Frequent use of vaginal sprays and douches should be avoided to prevent irritation from the chemicals. Soaps should also be avoided as they can disrupt the PH of the vagina. A good alternative is castor oil soap.
For people with infections, avoid wearing G-strings or thongs on a daily basis. The anus and vagina are in close proximity and therefore the migration of bacteria from one area to another is aided when wearing these garments. Choose breathable natural fibres that promote airflow to the area.
When you go to the toilet, always wipe away from the vagina.
Change tampons and moon cups after a bowel movement and avoid wearing tampons when your period is light to avoid cotton wool being left behind.
Choose organic sanitary wear - Raphael, Yoni, Naturacare, and even Tampax offer an organic range.
Wash the vagina after sexual intercourse or exercise.
Avoid smoking as nicotine is directly secreted into the vagina and impacts the VMB.
Avoid lubricants or barrier methods that do not contain chemicals that can alter the PH of the vagina. YES BABY is a great brand offering natural solutions.
Another important part of maintaining a healthy vaginal microbiome is tuning in to different feelings down there, noticing (and not dismissing) aches and pains, abnormal coloured discharge and strange odours, as these symptoms could indicate a possible infection which will need to be addressed.
Testing can be highly beneficial.
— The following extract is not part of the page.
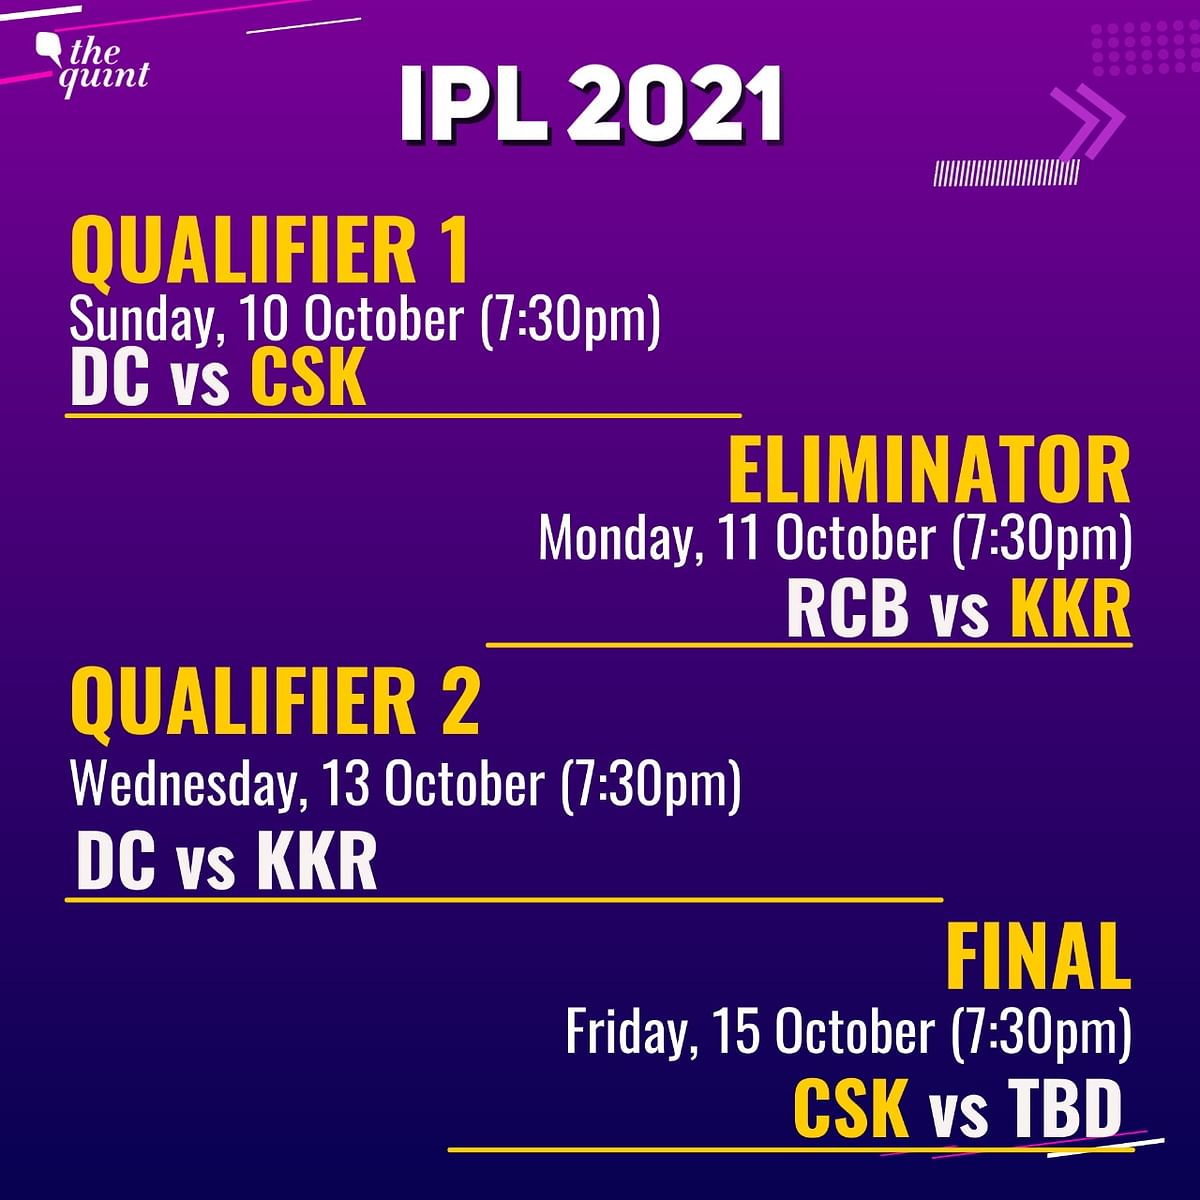 Chennai Super Kings have already progressed to the final of IPL 2021.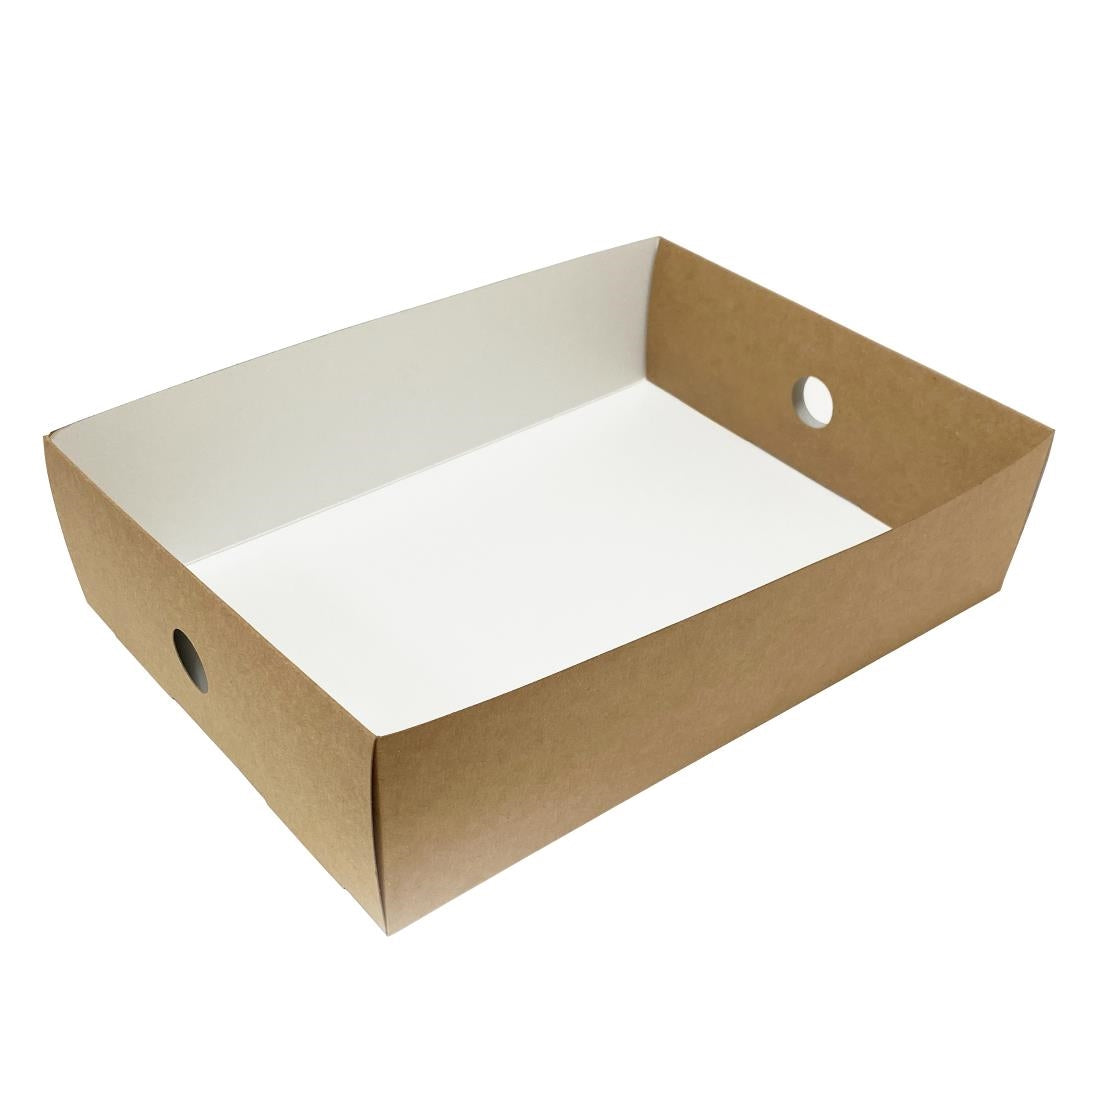 FT675 Fiesta Recyclable Insert For Platter Box 1/2 (Pack of 50) JD Catering Equipment Solutions Ltd

Companies such as Invivo Healthcare offer a wide range of diagnostic testing and therapeutics to support microbial imbalances, and I use them on nearly all of my clients, not just to support their fertility but to rule out complications in pregnancy and labour.
Who May Benefit From Testing?
- Women experiencing recurrent miscarriages
- Women who have previously had a recurrent UTIs or STDs
- Women who have experienced endometriosis or adenomyosis
- Women with "unexplained infertility"
If I am About to Start Trying for a Baby, Should I Be Thinking About Supporting My VMB?
100%! I cannot reiterate enough how important it is to rule out bacterial-related conditions before trying for a baby. Once fertilisation occurs, hormones such as estrogen increase, allowing estrogen-loving bacteria to flourish which may not only cause discomfort but could have negative outcomes for a pregnancy. I haven't come across a client so far, who hasn't had a history of UTIs, thrush or Bacterial Vaginosis associated symptoms or a squeaky clean report from a Vaginal swab. It is important to understand the microbial balance, the extent of the dysbiosis occurring and those species other than lactobacillus taking up a large percentage of the lower genital tract. When considering vaginal dysbiosis, it is also important to consider other reservoirs of cross-contamination, such as the gut and urinary microbiomes, and the oral/vaginal/penile microbiomes of sexual partners, which may warrant further investigations or hygiene practices to prevent re-infection.